Another service that helped me learn how to live with my urostomy was the Brigham Ostomy Peer Visitor Program, much like the United Ostomy Associations of America (UOAA) Certified Visitor Training Program. While recovering in the hospital, I was visited by a specially trained volunteer who had a urostomy. It was the first time I was able to meet someone with a urostomy in person. I was heartened by how “normal” they looked. She answered all my questions and gave me hope.

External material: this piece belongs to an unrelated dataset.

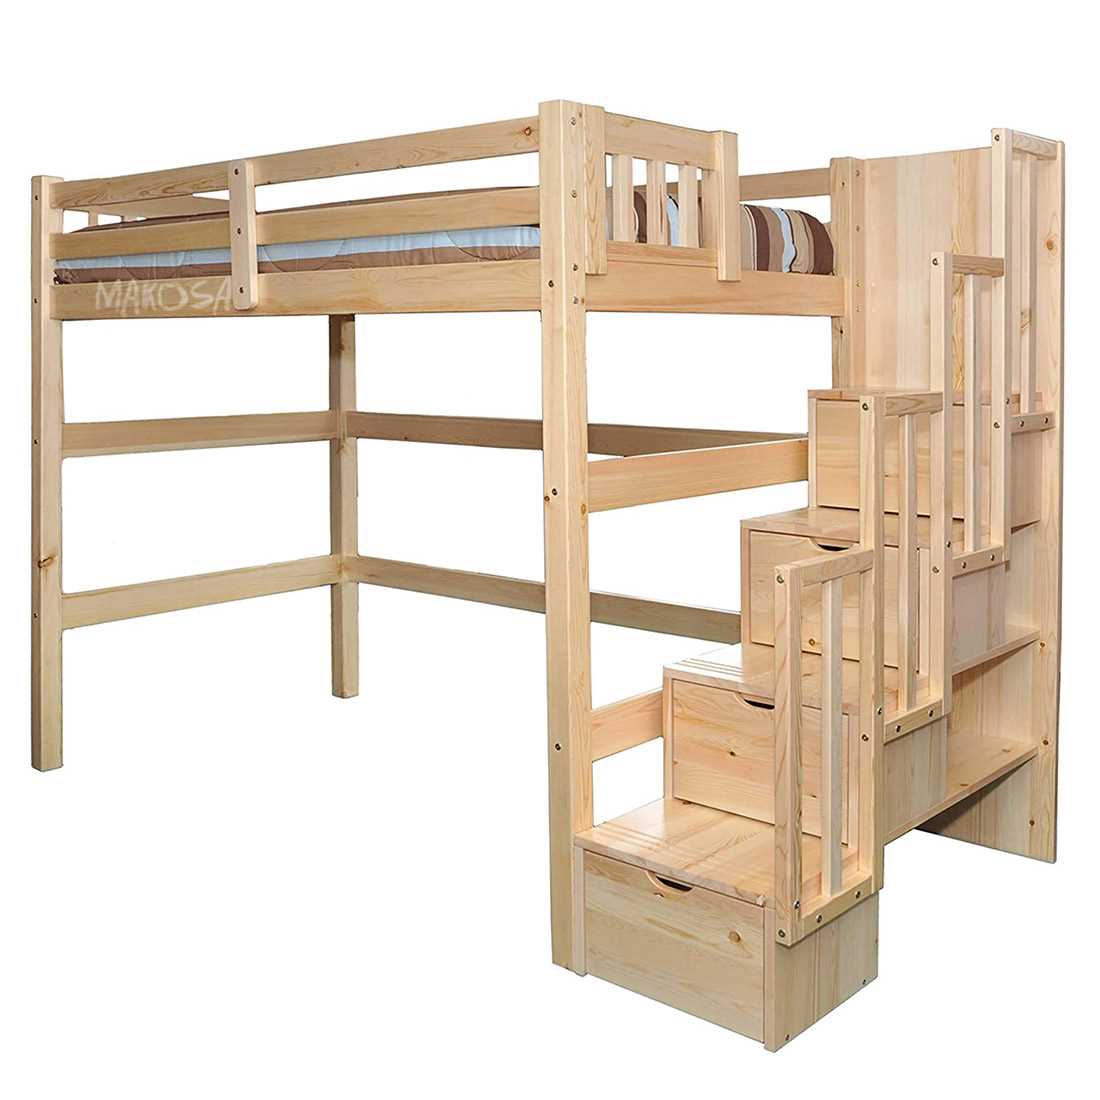 Разновидности кровати-чердака из массива дерева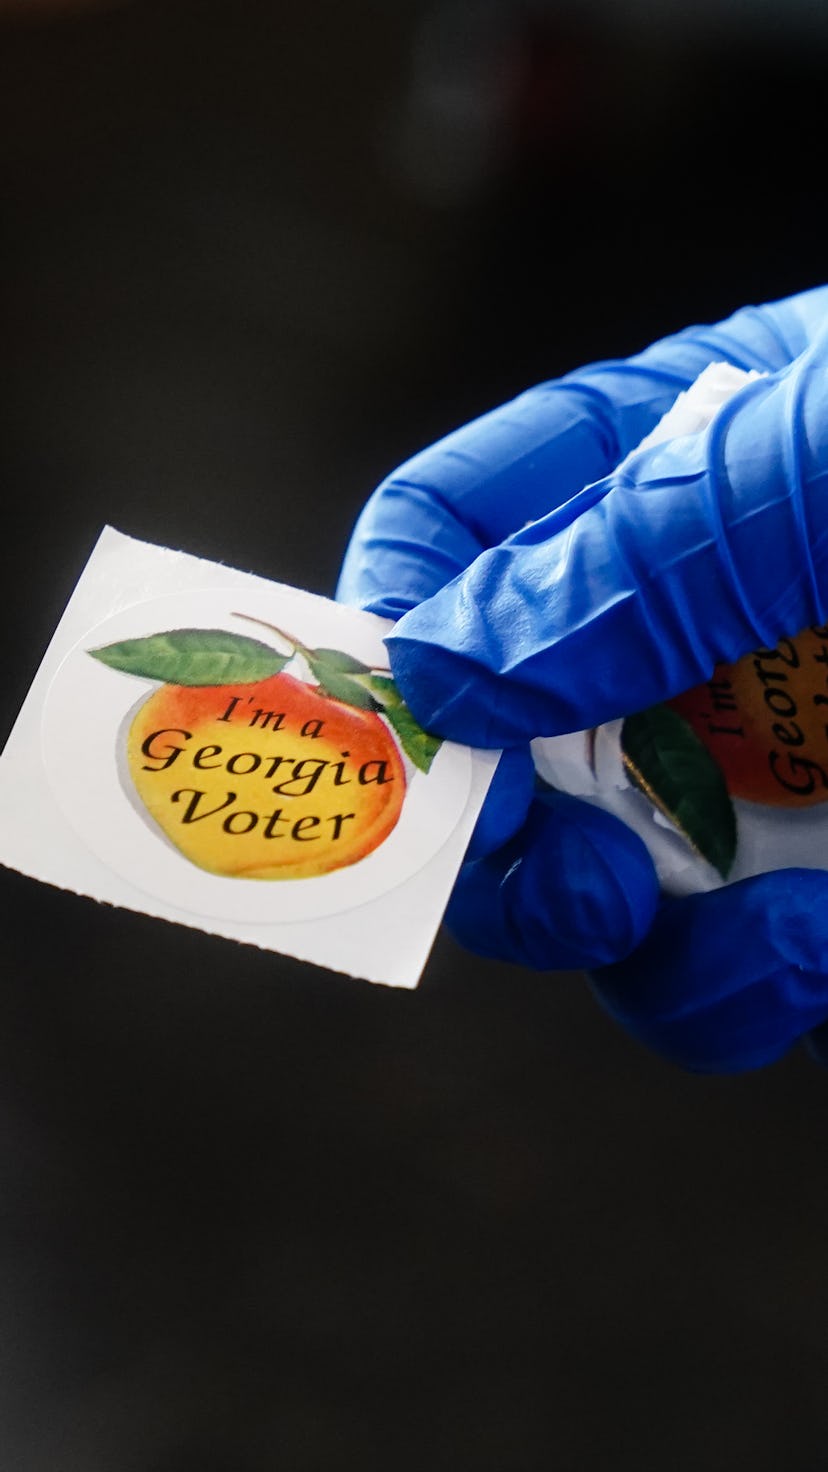 A Georgia voting sticker

I want to emphasize how important it is to have ongoing access to certified ostomy nurses. When I was first released from the hospital, I was provided Visiting Nurses Association services, a type of home health nursing. I was fortunate to have a visiting nurse who was also a certified ostomy nurse. I also had continued access to the Brigham and Women’s ostomy nurses through their outpatient ostomy clinic. After surgery, I developed several skin issues, and it took the expertise of all my nurses working with me over the course of a year to find a pouching system that worked for me.
Patients facing radical cystectomies and other life-changing surgeries often do not know what questions to ask. Questions do not arise until something untoward happens, such as continuous leaks or skin problems. Not knowing what to do is an overwhelming feeling. This is when dejection and depression set in. The role of the ostomy nurse in providing the necessary support and mentorship is key when seeking answers to questions and solutions to problems.
The final stage of grief is acceptance. Not only have I accepted my life with a urostomy, but I have also embraced it. I have joined UOAA and BCAN and am paying forward all the help I received by sharing my experiences, mentoring, and being involved with patient advocacy. I am doing everything I did before my diagnosis and urostomy–and even more. I still enjoy teaching and have not had a flood in my class! I also travel, swim, paddleboard, and hike. Most importantly, I have an even closer relationship with my husband and, together, we experienced the birth of our grandson!
There is a popular saying that “It takes a village” to face and solve difficulties. I have found this to be true on my journey. As a result of my “village,” that is, the support of my ostomy team, other people with an ostomy, and organizations such as UOAA and BCAN, I am cancer free 2 years after my surgery. Not only am I living a fulfilling life, but I am living my best life.